①Fault level 0: No fault.

②Fault level 1: Power reduction mode, the maximum charging power available for the battery is halved, and the discharging power is not affected.

③Fault level 2: Immediately disconnect the charging circuit relay, and do not specifically limit the charging and discharging power.

④Failure level 3: Serious failure mode, the maximum charging power is 0kW; if the vehicle speed is higher than 10km/h, the maximum discharge power is 0kW; if the vehicle speed is lower than 10km/h, the maximum discharge power is set to 10kW travel power.

⑤Failure level 4: Serious failure mode, disconnect the main relay immediately.

⑥Fault level 5: Dangerous fault mode, but do not automatically power off (if there are other level 4 faults at the same time, it should first report a level 4 fault for 1s to trigger a high-voltage power failure, and then continue to report a level 5 fault).

The power battery energy management system has safety protection functions, and corresponding measures should be taken in case of failure:

(1) Overvoltage protection. When it is detected that the highest cell voltage of the battery pack exceeds the level 2 fault threshold, the maximum available charging power of the battery drops to 0 within 2s; when the highest cell voltage exceeds the level 3 fault threshold, the BMS requests the VCU to disconnect the high-voltage relay. Get a timely response, and after 2s, the BMS will cut off the high-voltage relay by itself, and the high-voltage will be powered off.

(2) Low voltage protection. When it is detected that the highest cell voltage of the battery pack is lower than the level 2 fault threshold, the maximum available discharge power of the battery drops to 5kW within 2s; when the lowest cell voltage exceeds the level 3 fault, the BMS requests the VCU to disconnect the high-voltage relay. Respond in time. After 2s, the BMS automatically cuts off the high-voltage relay and powers off the high-voltage.

(3) Discharge overcurrent protection. When it is detected that the discharge current of the battery pack is greater than the level 2 fault threshold, the maximum available discharge power of the battery is reduced to 5kW within 2s.

(4) Charge overcurrent protection. When it is detected that the charging current of the battery pack is greater than the level 2 fault threshold, the available maximum charging power of the battery drops to 0kW within 2s.

(5) High temperature protection.
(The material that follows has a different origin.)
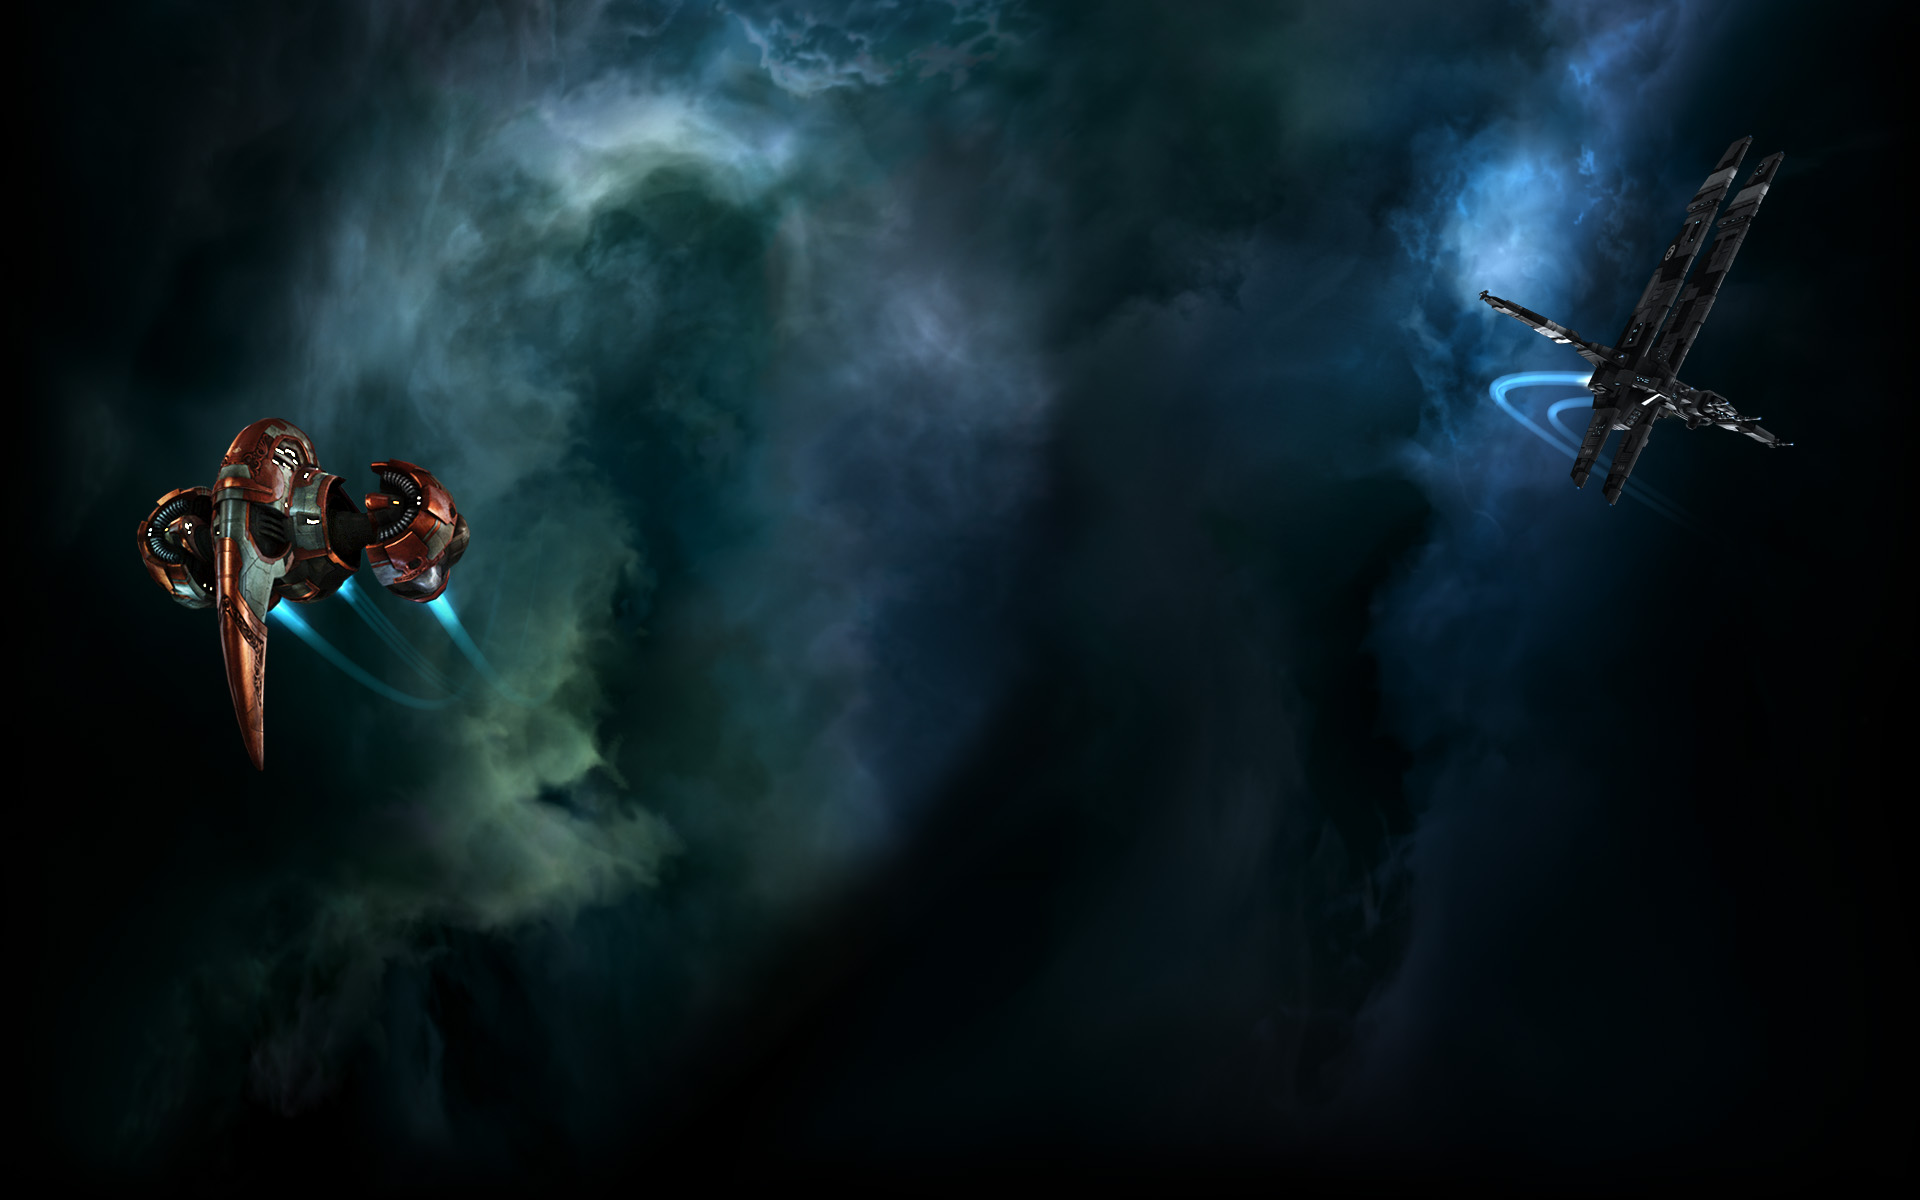 Eve online steam link

When it is detected that the temperature of the power battery pack is higher than the level 2 fault threshold, the maximum available discharge power of the battery is reduced to 5kW within 2s; when it is detected that the temperature of the battery pack is higher than the level 2 fault threshold, the BMS requests the VCU to disconnect the high-voltage relay. Get a timely response, and after 2s, the BMS will cut off the high-voltage relay by itself, and the high-voltage will be powered off.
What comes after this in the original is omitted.